Re: New sbt plugin to deploy jobs to EC2

Posted by Shafaq <s....@gmail.com>.

Hi,

  testing out the Spark Ec2 deployment plugin:

I try to compile using

 $sbt sparkLaunchCluster

-----------------------------------------------------------------------------------------------
[info] Resolving org.fusesource.jansi#jansi;1.4 ...
[warn]     ::::::::::::::::::::::::::::::::::::::::::::::
[warn]     ::          UNRESOLVED DEPENDENCIES         ::
[warn]     ::::::::::::::::::::::::::::::::::::::::::::::
[warn]     :: fr.janalyse#janalyse-ssh_2.10;0.9.13: not found
[warn]     ::::::::::::::::::::::::::::::::::::::::::::::
[warn]
[warn]     Note: Unresolved dependencies path:
[warn]         fr.janalyse:janalyse-ssh_2.10:0.9.13
[warn]           +- com.gilt:lib-spark-manager_2.10:0.0.3.9
[warn]           +- com.gilt:sbt-spark-ec2-plugin:0.1.5 (sbtVersion=0.13,
scalaVersion=2.10)
(/Users/saq/Work/spark-datapipeline/project/plugins.sbt#L6-7)
[warn]           +- default:spark-datapipeline-build:0.1-SNAPSHOT
(sbtVersion=0.13, scalaVersion=2.10)
sbt.ResolveException: unresolved dependency:
fr.janalyse#janalyse-ssh_2.10;0.9.13: not found
    at sbt.IvyActions$.sbt$IvyActions$$resolve(IvyActions.scala:243)
    at sbt.IvyActions$$anonfun$updateEither$1.apply(IvyActions.scala:158)
    at sbt.IvyActions$$anonfun$updateEither$1.apply(IvyActions.scala:156)
    at sbt.IvySbt$Module$$anonfun$withModule$1.apply(Ivy.scala:147)
    at sbt.IvySbt$Module$$anonfun$withModule$1.apply(Ivy.scala:147)
    at sbt.IvySbt$$anonfun$withIvy$1.apply(Ivy.scala:124)
    at sbt.IvySbt.sbt$IvySbt$$action$1(Ivy.scala:56)
    at sbt.IvySbt$$anon$3.call(Ivy.scala:64)
    at xsbt.boot.Locks$GlobalLock.withChannel$1(Locks.scala:93)
    at
xsbt.boot.Locks$GlobalLock.xsbt$boot$Locks$GlobalLock$$withChannelRetries$1(Locks.scala:78)
    at
xsbt.boot.Locks$GlobalLock$$anonfun$withFileLock$1.apply(Locks.scala:97)
    at xsbt.boot.Using$.withResource(Using.scala:10)
    at xsbt.boot.Using$.apply(Using.scala:9)
    at xsbt.boot.Locks$GlobalLock.ignoringDeadlockAvoided(Locks.scala:58)
    at xsbt.boot.Locks$GlobalLock.withLock(Locks.scala:48)
    at xsbt.boot.Locks$.apply0(Locks.scala:31)
    at xsbt.boot.Locks$.apply(Locks.scala:28)
    at sbt.IvySbt.withDefaultLogger(Ivy.scala:64)
    at sbt.IvySbt.withIvy(Ivy.scala:119)
    at sbt.IvySbt.withIvy(Ivy.scala:116)
    at sbt.IvySbt$Module.withModule(Ivy.scala:147)

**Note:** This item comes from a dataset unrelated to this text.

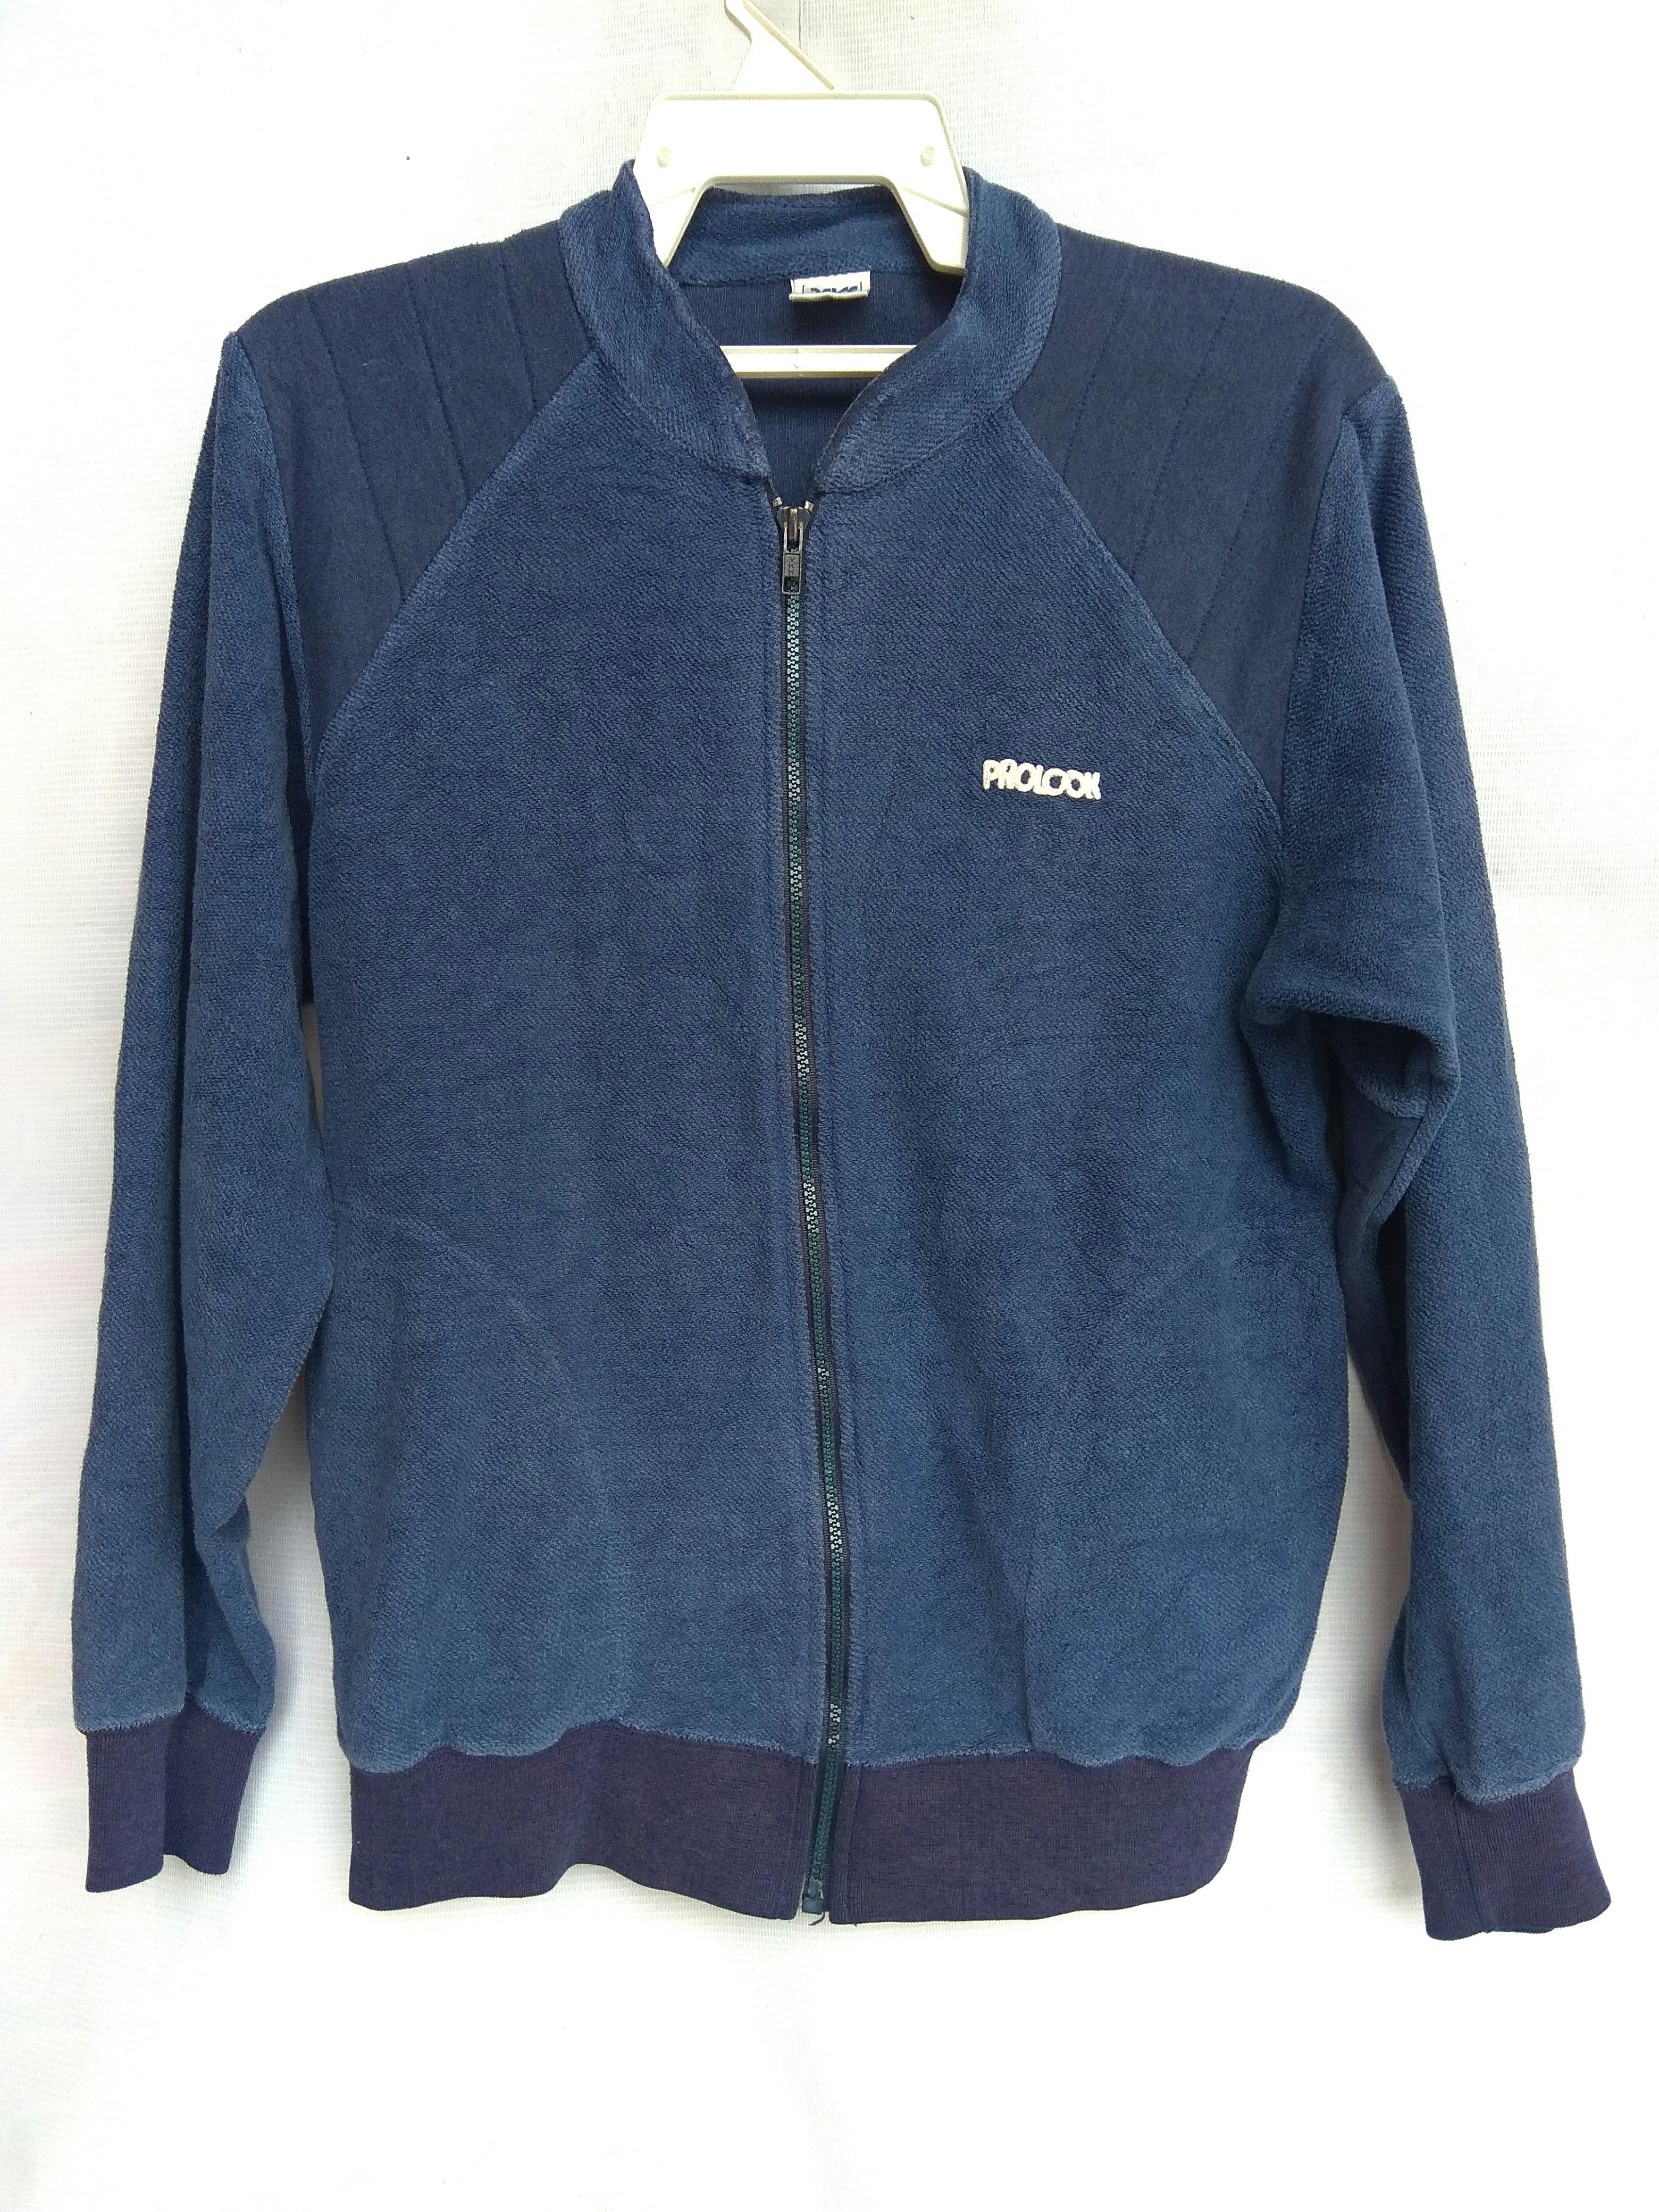 asics prolook blue jacket made in japan - 1

------------------------------------------------------

I have to use scala version 2.10 as spark is using it and sbt version is
0.13

My sbt looks as follows:

name := "scala-datapipeline"

version := "1.0"

scalaVersion := "2.10.4"


scalacOptions ++= Seq( "-deprecation", "-unchecked", "-feature")



sparkec2.Ec2SparkPluginSettings.sparkSettings


resolvers += "Akka Repository" at "http://repo.akka.io/releases/"

resolvers += "spray" at "http://repo.spray.io/"


resolvers += Resolver.url(
  "bintray Repository",
  url("http://dl.bintray.com/felixgborrego/repo"))(
    Resolver.ivyStylePatterns)

resolvers += "JAnalyse Repository" at "http://www.janalyse.fr/repository/"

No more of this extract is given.